Now, I can't run the model whatsoever. The third cell, which intakes the sequence, can't find the run_inference()
function:
NameError
Traceback (most recent call last)
<ipython-input-5-4a7325a0e004> in <cell line: 0>()
8 sequence = sequence.replace(' ', '')
9
---> 10 names, scores = run_inference(sequence)
11
12 for name, score, i in zip(names, scores, range(len(names))):
NameError: name 'run_inference' is not defined
I didn't see this function defined in the notebook, so I assumed it was internal to tensorflow (maybe only version 2.8.2, but I couldn't find anything in searching docs), or otherwise loaded with the model.

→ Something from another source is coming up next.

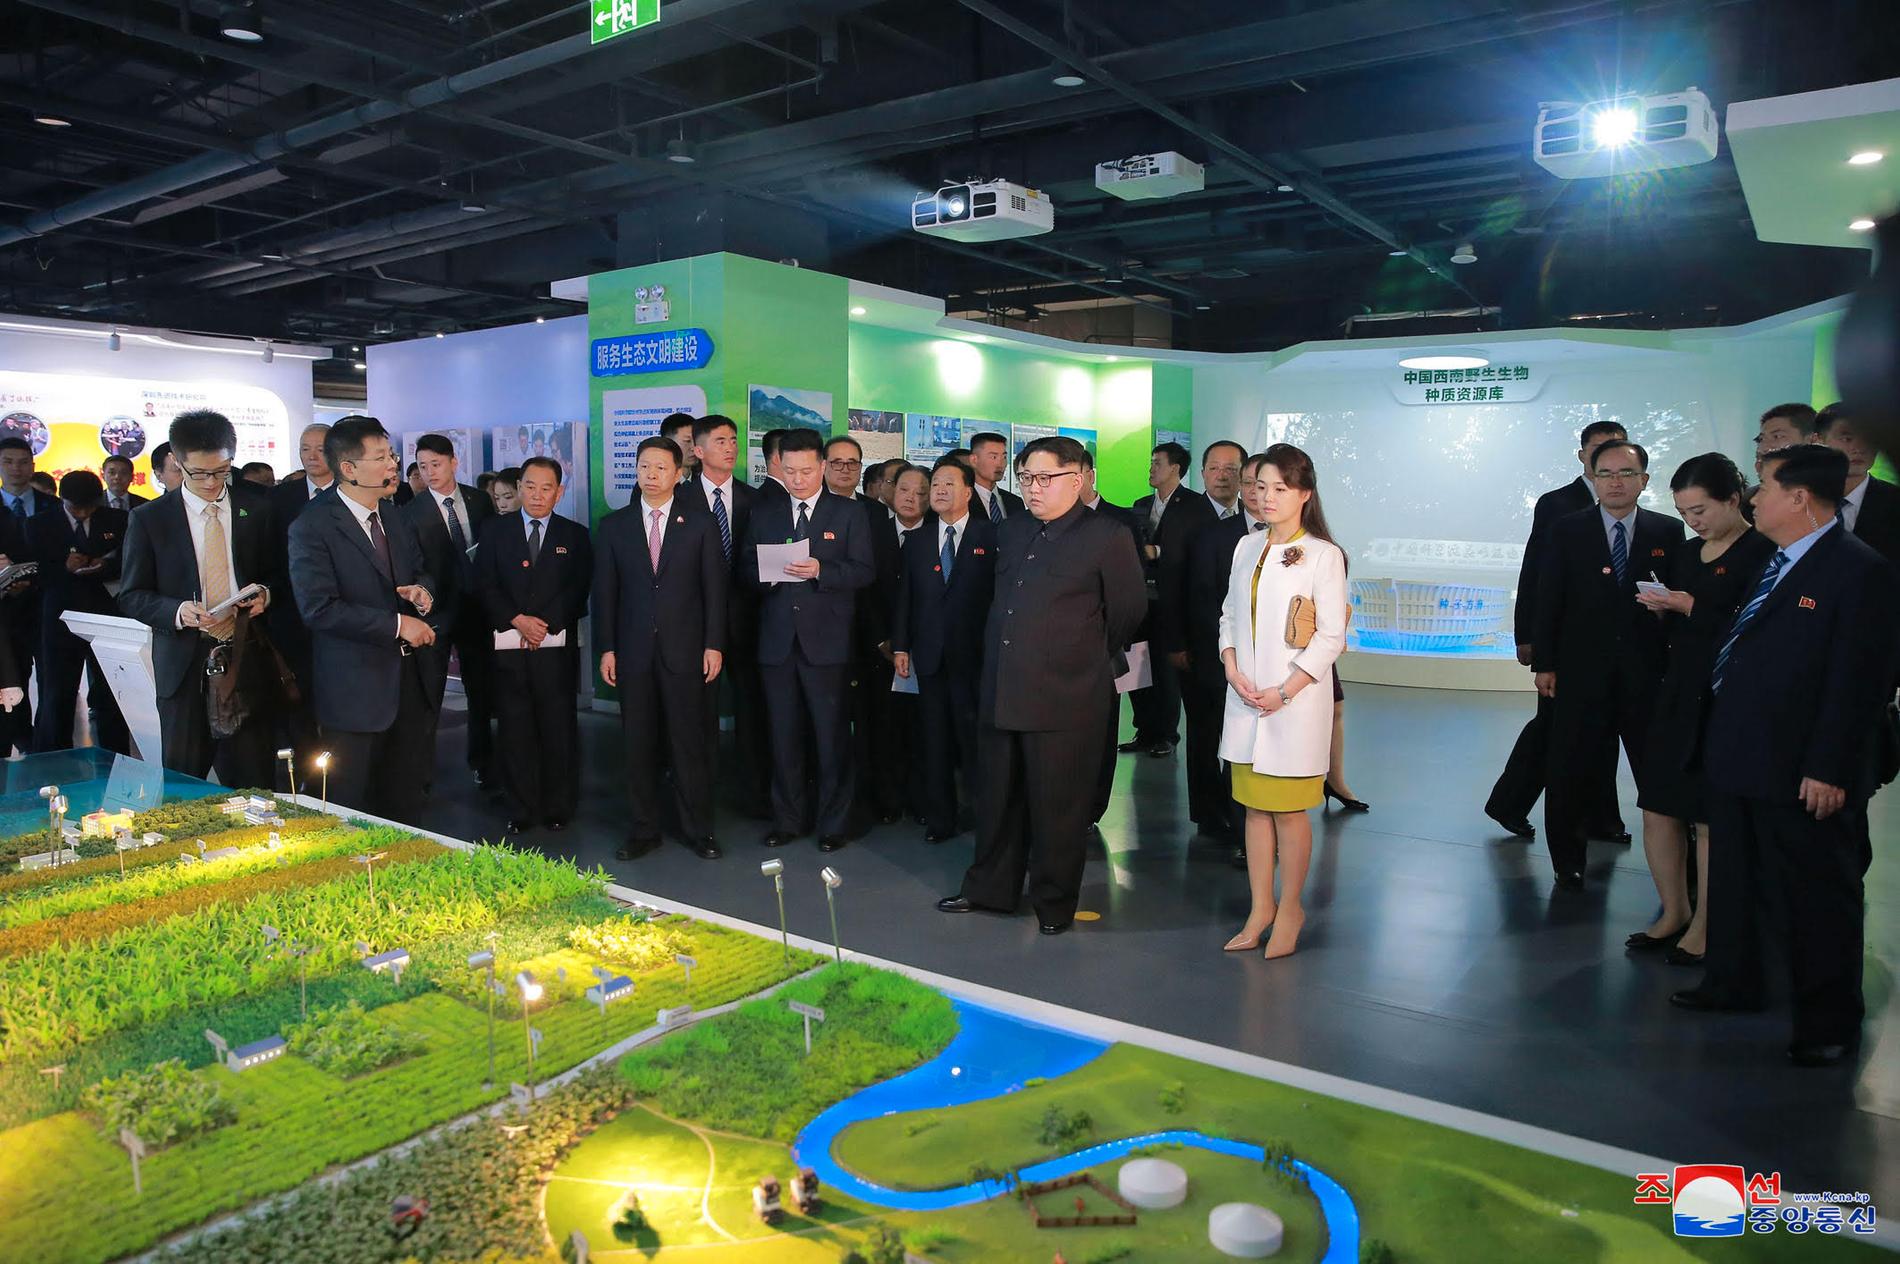 Kim och hans fru besökte Kinesiska vetenskapsakademin under sitt besök i Peking.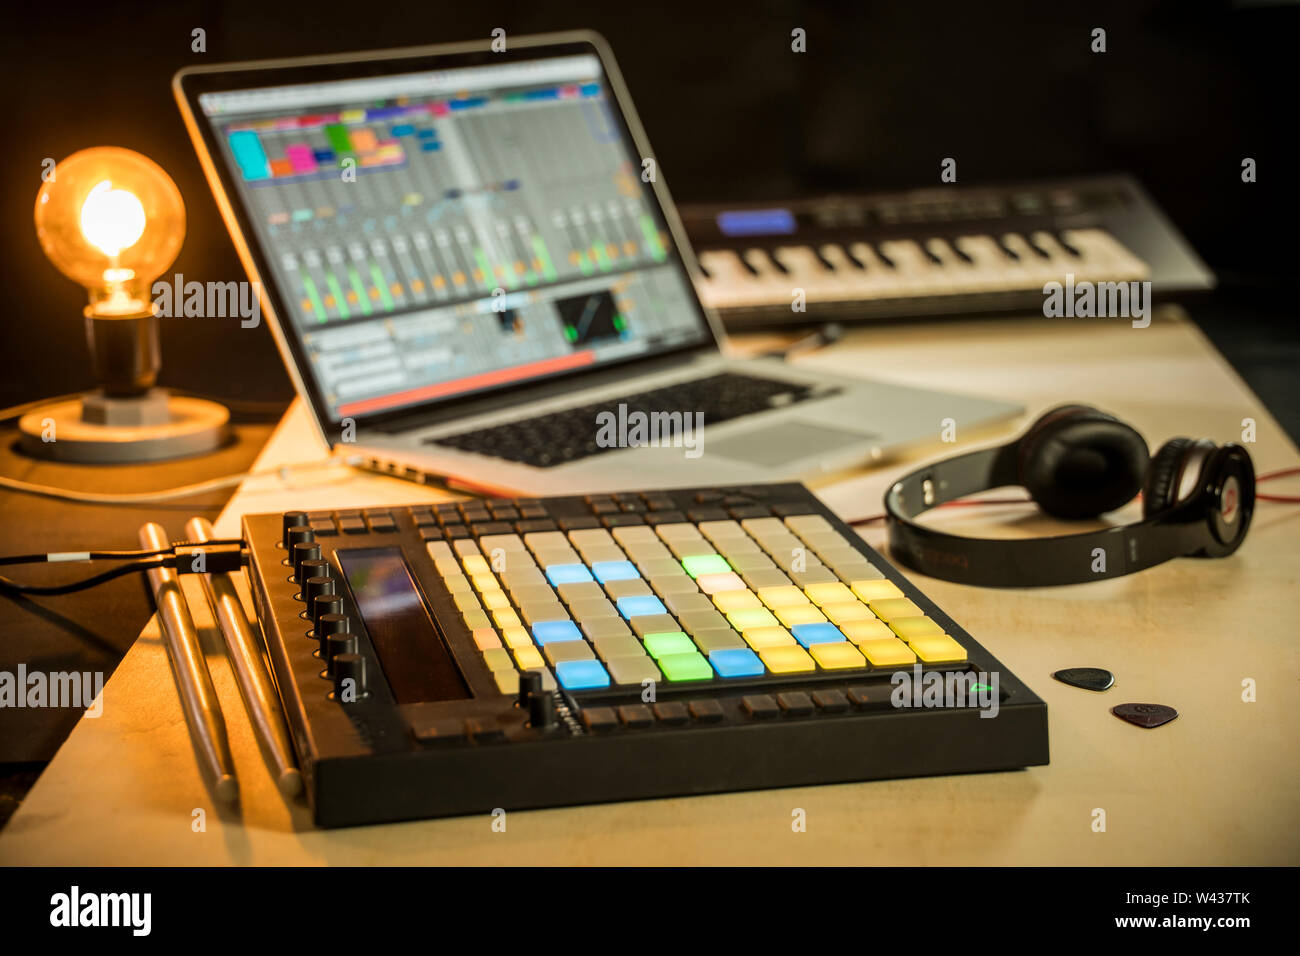 Musica elettronica di produzione - Apple Macbook con Ableton Live music software, spingere midi pad controller Foto Stock

How can I get this script running again?
I checked notebook and there is button Show code
below of 2. Load the model
and it shows code with def run_inference(seq):
#@markdown Please execute this cell by pressing the _Play_ button.
def query(seq):
return f"[protein_name_in_english] <extra_id_0> [sequence] {seq}"
EC_NUMBER_REGEX = r'(\d+).([\d\-n]+).([\d\-n]+).([\d\-n]+)'
def run_inference(seq):
labeling = infer(tf.constant([query(seq)]))
names = labeling['output_0'][0].numpy().tolist()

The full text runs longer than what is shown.